_YOUR GOAL_. Exact repetition of a range: find the line containing "เทียบกราฟอัตรา" and the line containing "前銅鑼灣書店店長林榮基定居台灣。資料圖片" in the material below, then repeat both and all lines between them, leaving pictures out.

_STUDY MATERIAL_.
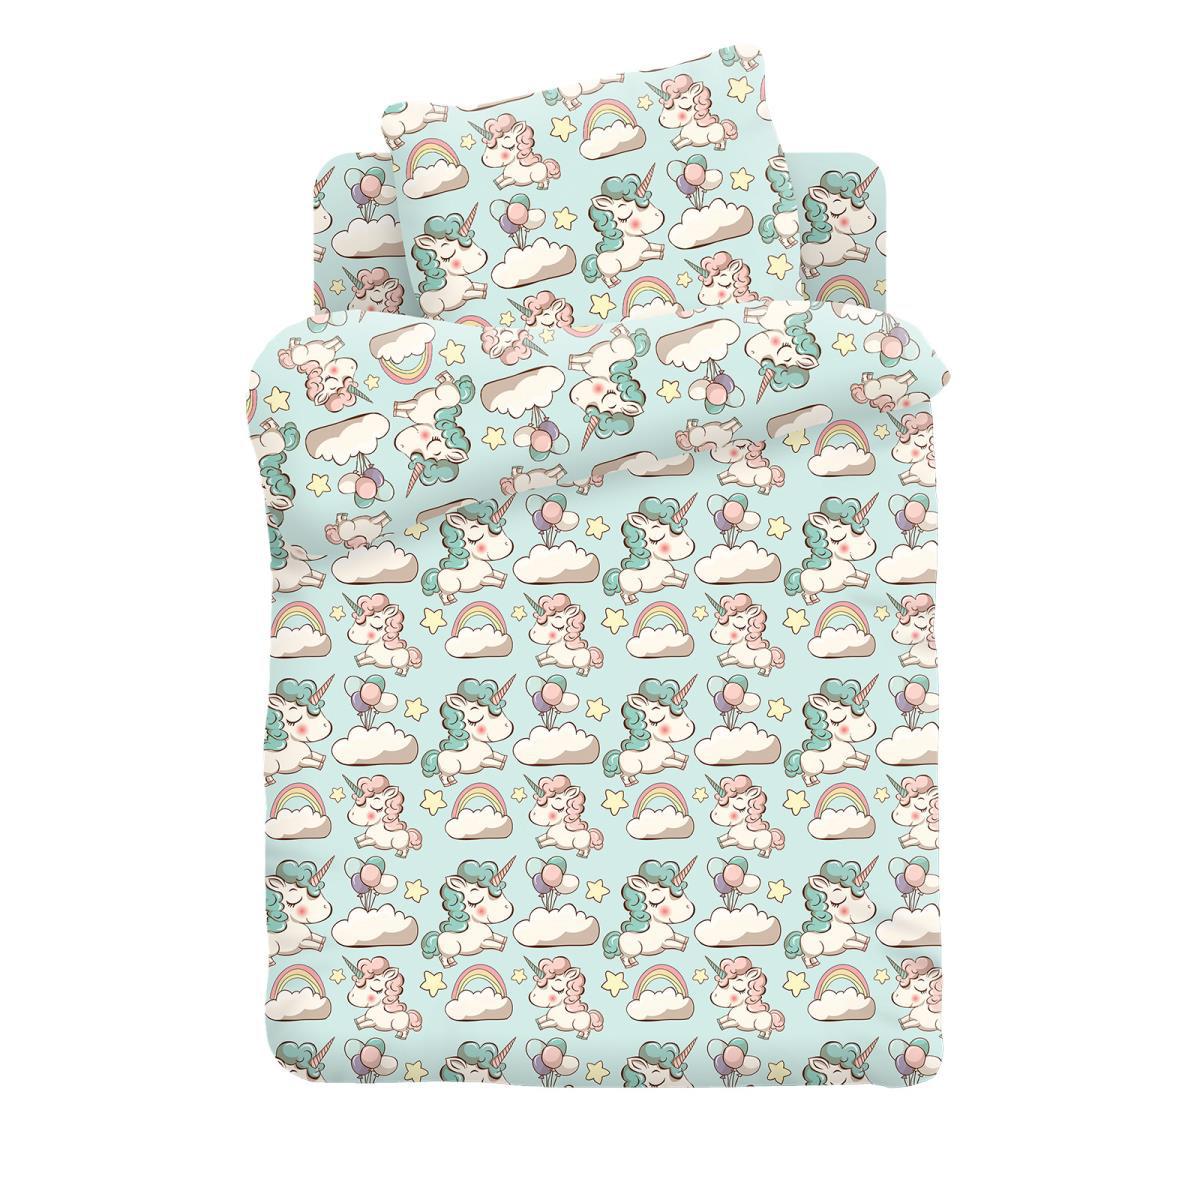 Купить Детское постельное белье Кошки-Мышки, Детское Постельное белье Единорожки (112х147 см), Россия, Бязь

---

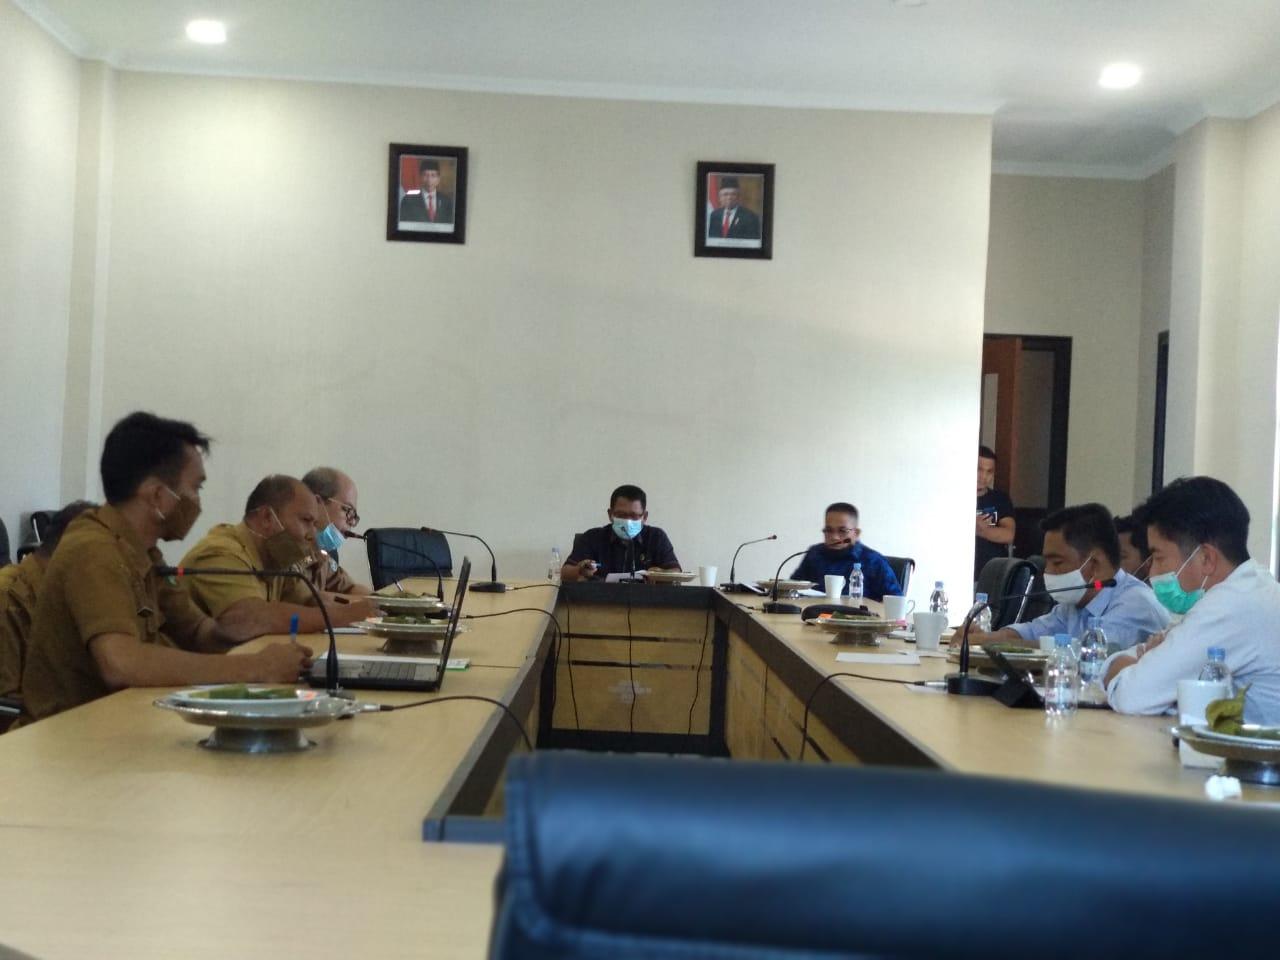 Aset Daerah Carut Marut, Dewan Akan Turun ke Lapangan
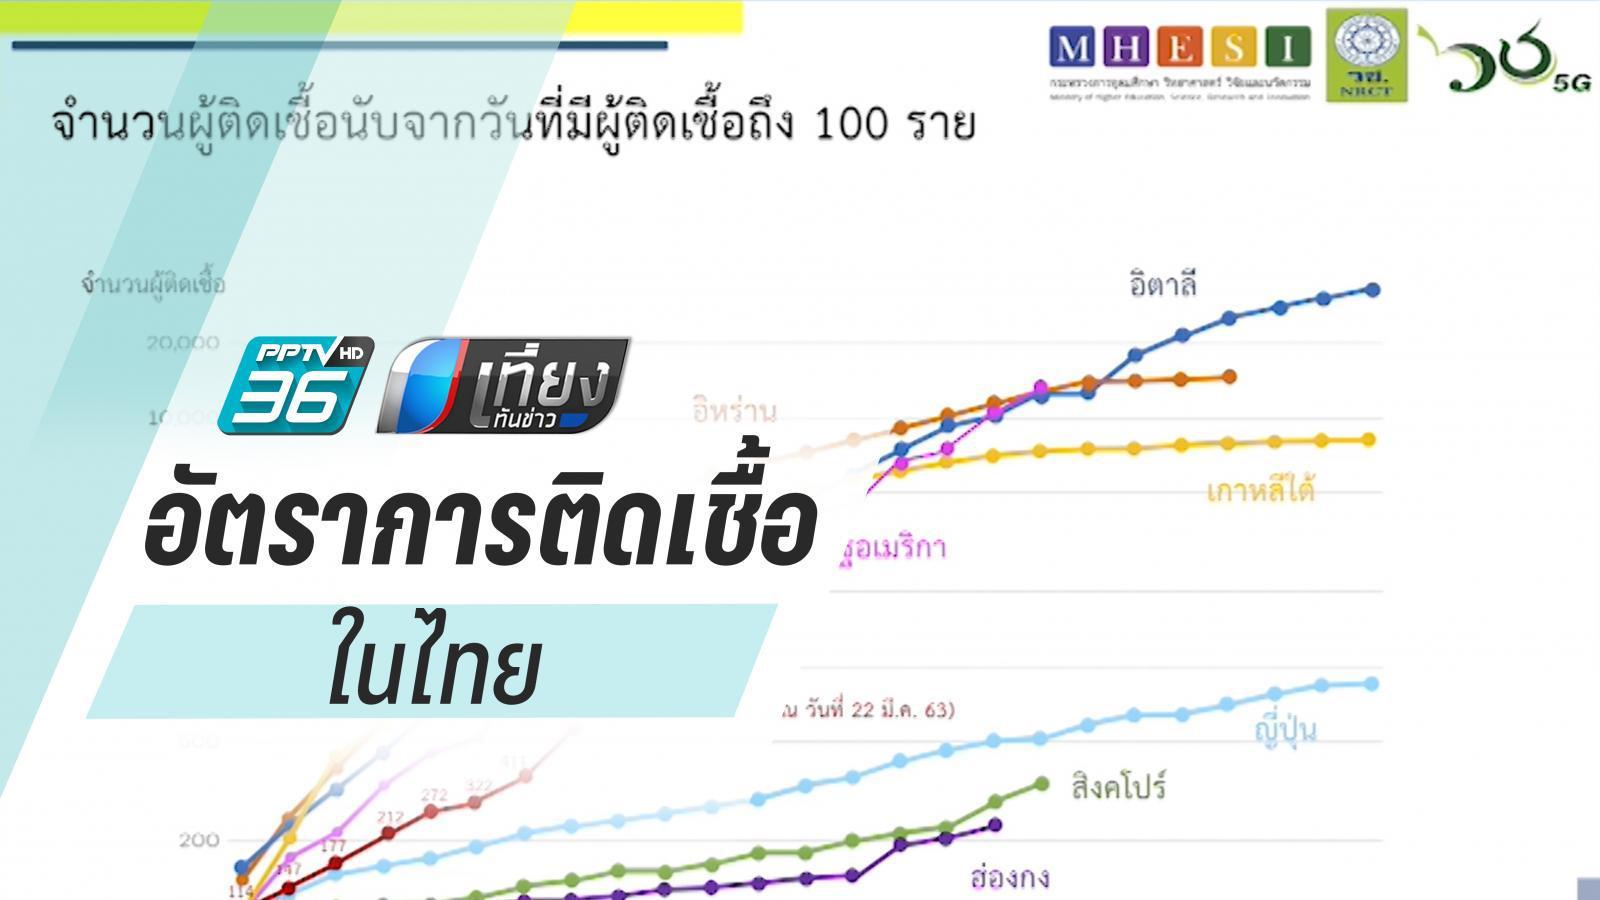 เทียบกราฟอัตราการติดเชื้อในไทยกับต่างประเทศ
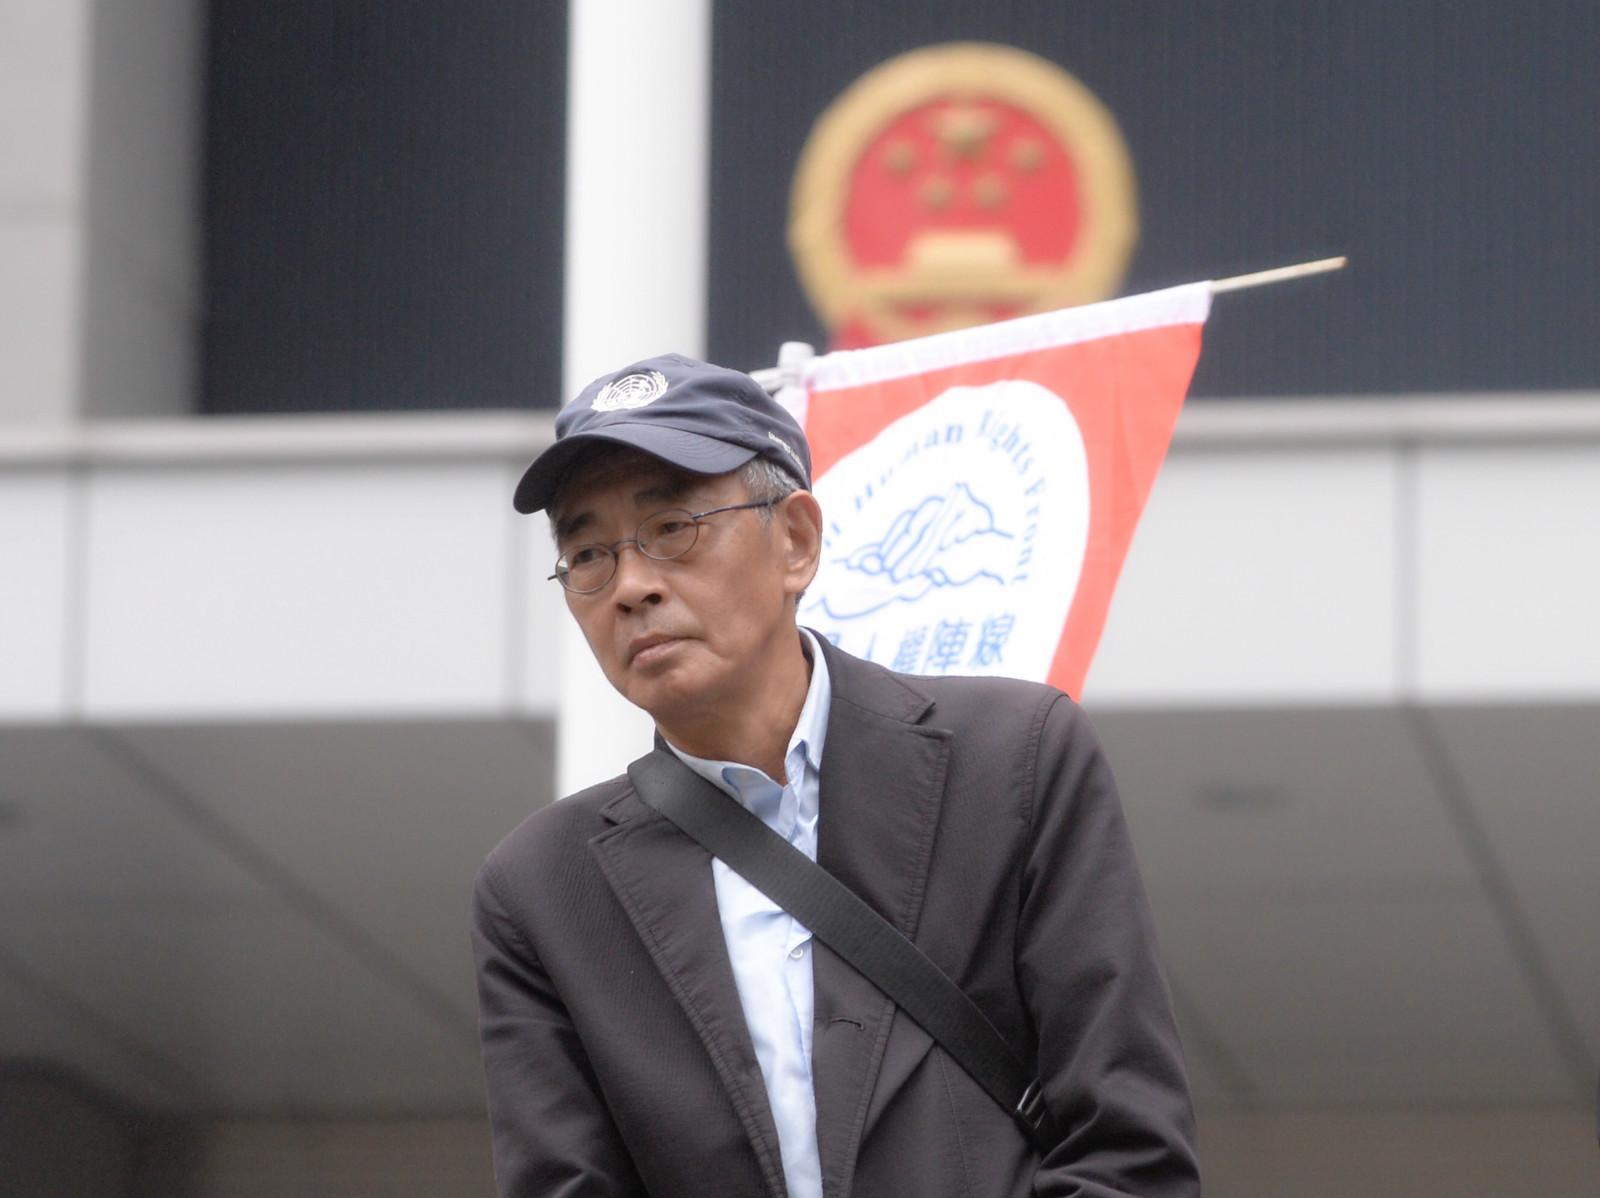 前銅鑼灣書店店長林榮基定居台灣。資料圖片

_PROBLEM SOLUTION_.
 เทียบกราฟอัตราการติดเชื้อในไทยกับต่างประเทศ
 前銅鑼灣書店店長林榮基定居台灣。資料圖片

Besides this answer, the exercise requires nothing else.